Iran’s security services have historically been the largest supplier of arms and cash to Hamas, the Islamist group that gained control of Gaza in 2007 following an internal military conflict with the secular Palestinian party Fatah.

Tehran is also the major backer of a second Palestinian militia, Islamic Jihad, which has joined Hamas in firing rockets into Israel from the Gaza Strip over the past three weeks.

Iran, however, has significantly scaled back its support for Hamas since 2011, due to both economic and political considerations, according to Israeli and American officials.

Iran and Hamas split over their support for Syrian President Bashar al-Assad following the breakout of a civil war in Syria that year. Shiite-dominate Iran has since stepped-up its backing of the Syrian regime, while Hamas, a Sunni organization, pulled its leadership from its Damascus headquarters nearly three years ago after Mr. Assad began a violent crackdown on his largely Sunni opponents.

“Hamas has lost friends, particularly military supplies and training” that Iran provided to the organization through Syria, said a senior Israeli defense official. “And Iranian funds were diverted to PIJ [Palestinian Islamic Jihad] from Hamas.”

U.S. officials believe pervasive international sanctions on Iran for its nuclear program have also limited Tehran’s ability to fund its proxies in the Palestinian territories, Lebanon and Syria.
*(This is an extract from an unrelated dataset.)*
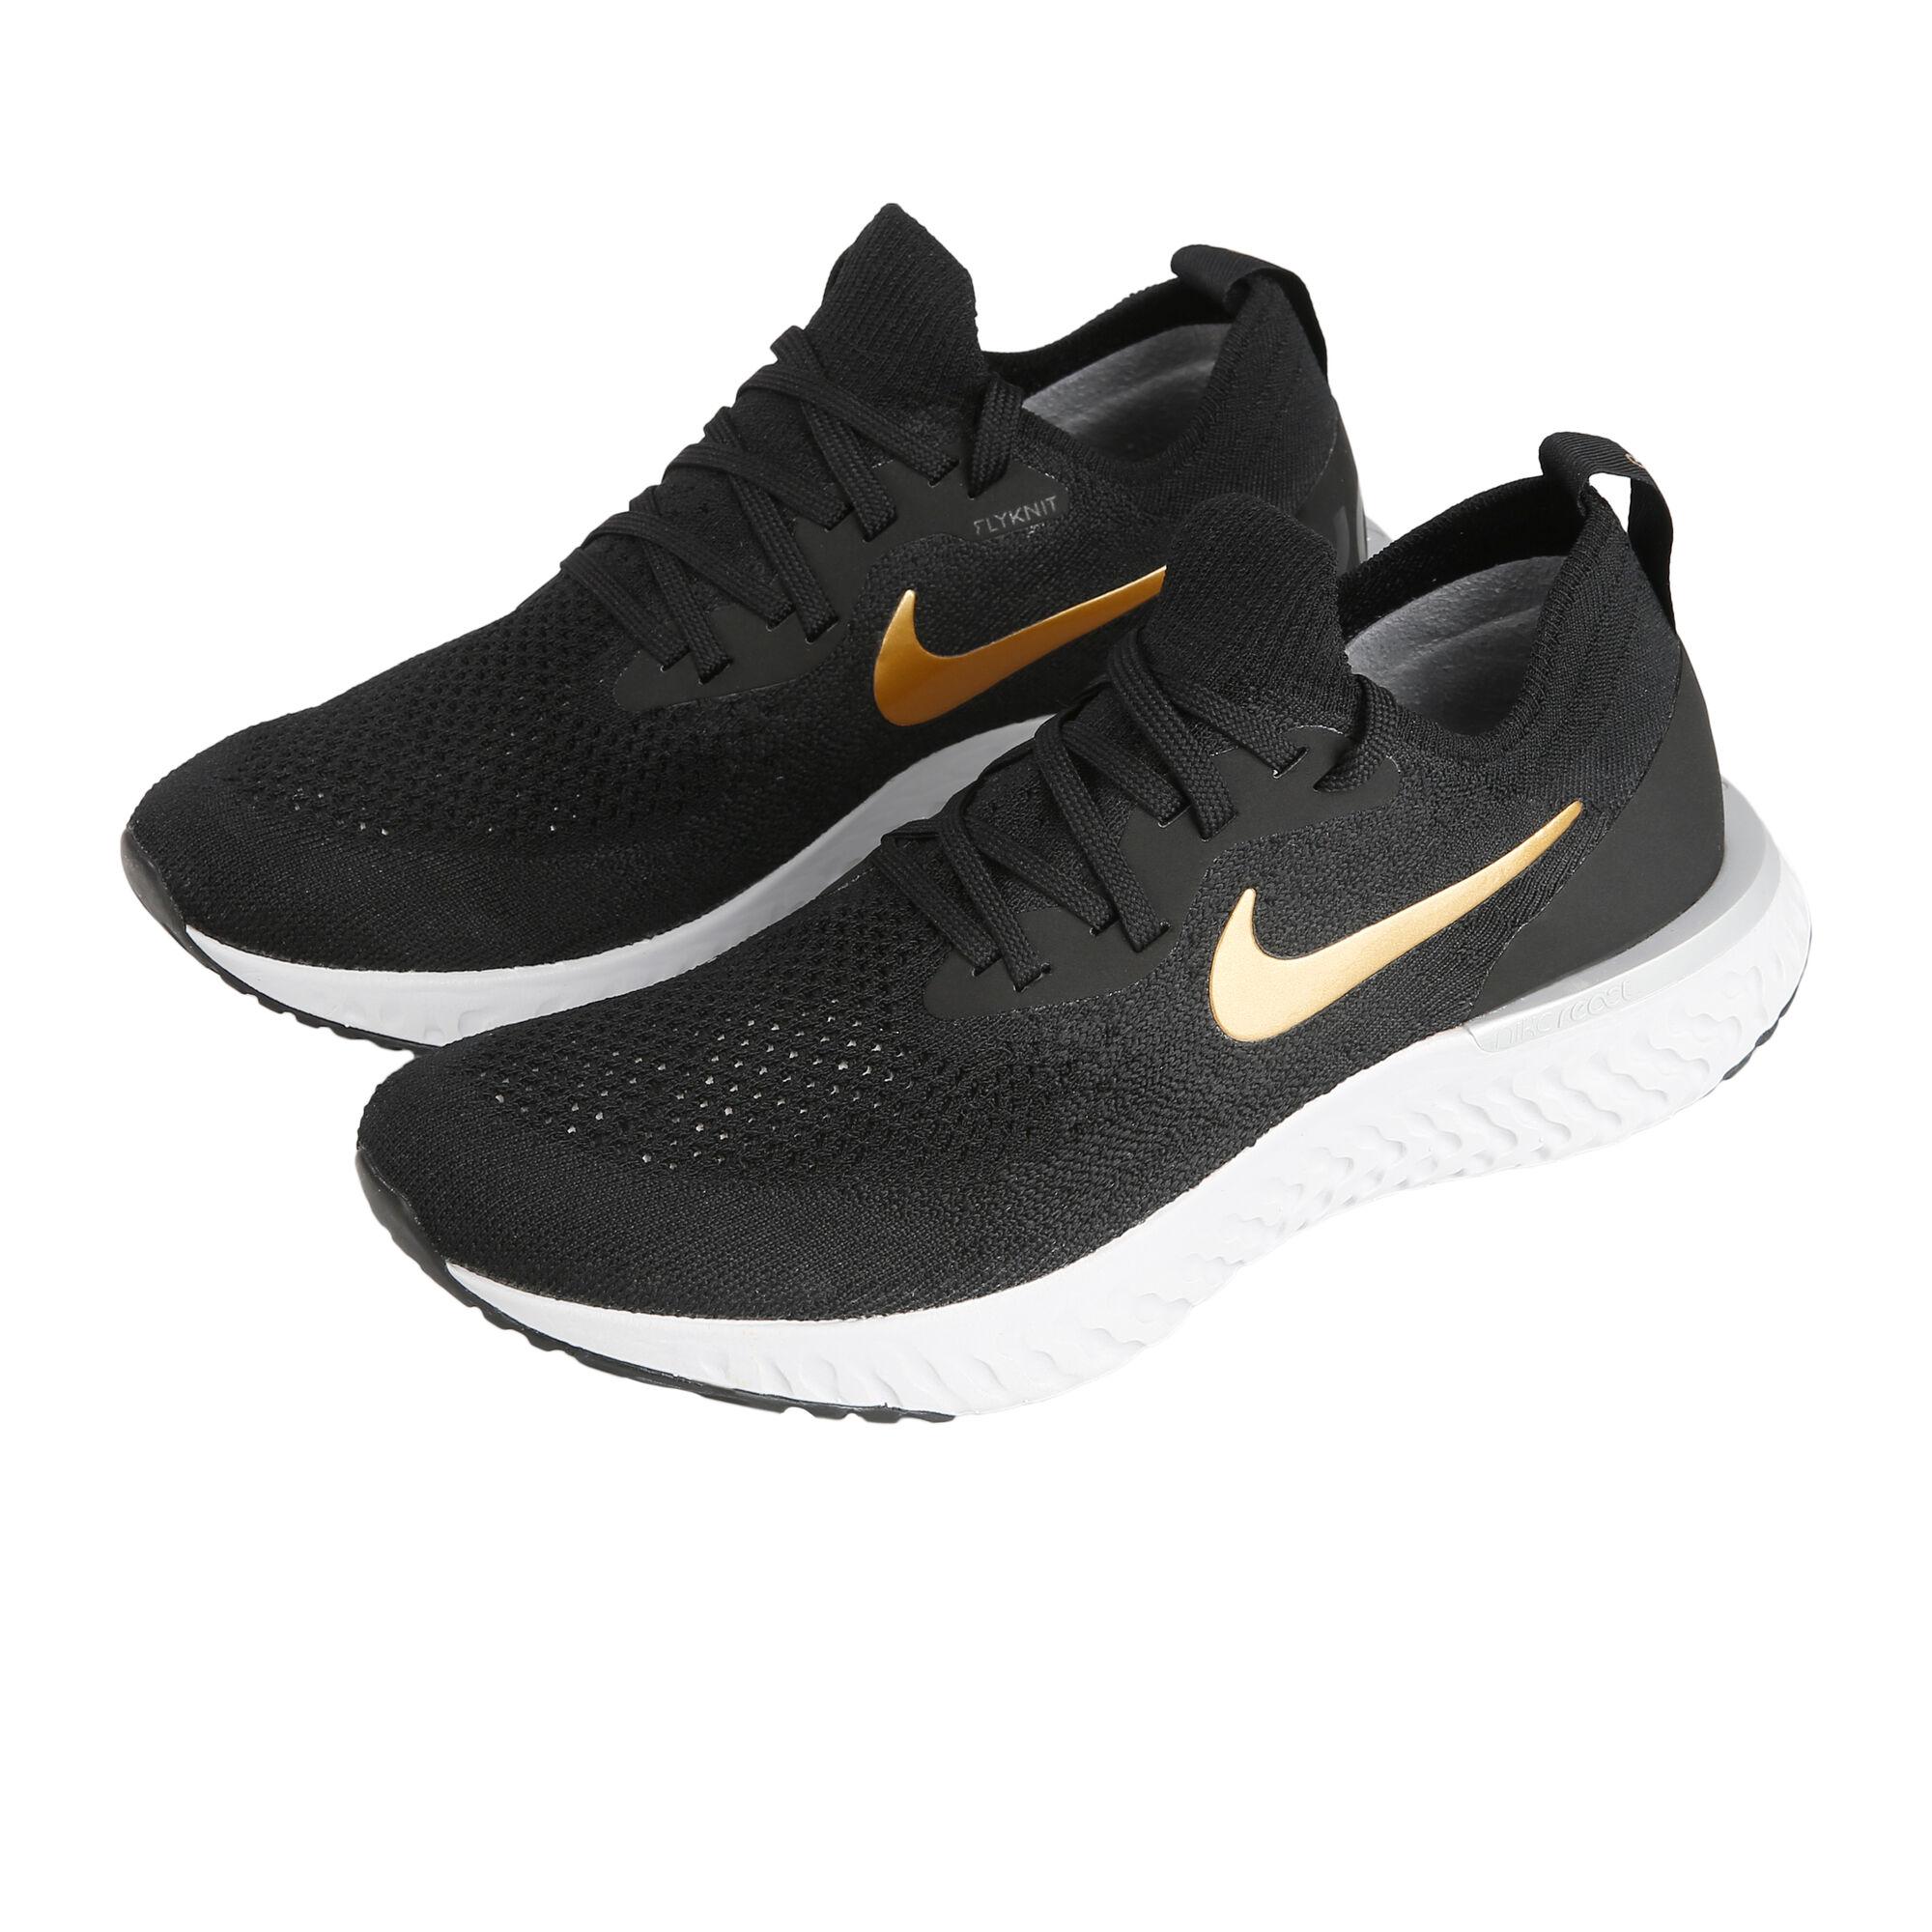 sports shoes 93b0a 5d702 ... Nike · Nike · Nike · Nike. Epic React Flyknit Women ...

Some Iranian arms have continued to flow to Hamas in recent months, said U.S. and Israeli officials, through the Egyptian Sinai region. And Hamas’s weapons trade with Libya has flourished.

Qatar and Turkey, however, have supplanted Iran as the biggest financial backers of Hamas in recent years, according to U.S. and Israeli officials. Qatar alone has pledged to fund the salaries of the Gaza Strip’s local, Hamas-dominated government.

U.S. officials said this shift in Hamas’s support base explains why Qatari capital Doha and Turkish Capital Ankara have emerged as Secretary of State John Kerry‘s primary intermediaries with the Palestinian organization in recent days.

Last week, Qatari Foreign Minister Khalid al-Attiya and Turkey’s chief diplomat, Ahmet Davutoglu, were regularly ferrying messages to Hamas’s political chief, Khaled Meshaal, at his base in Qatar’s capital during frantic cease-fire talks.

“You barely hear Iran mentioned in relation to the talks,” said a senior U.S. official.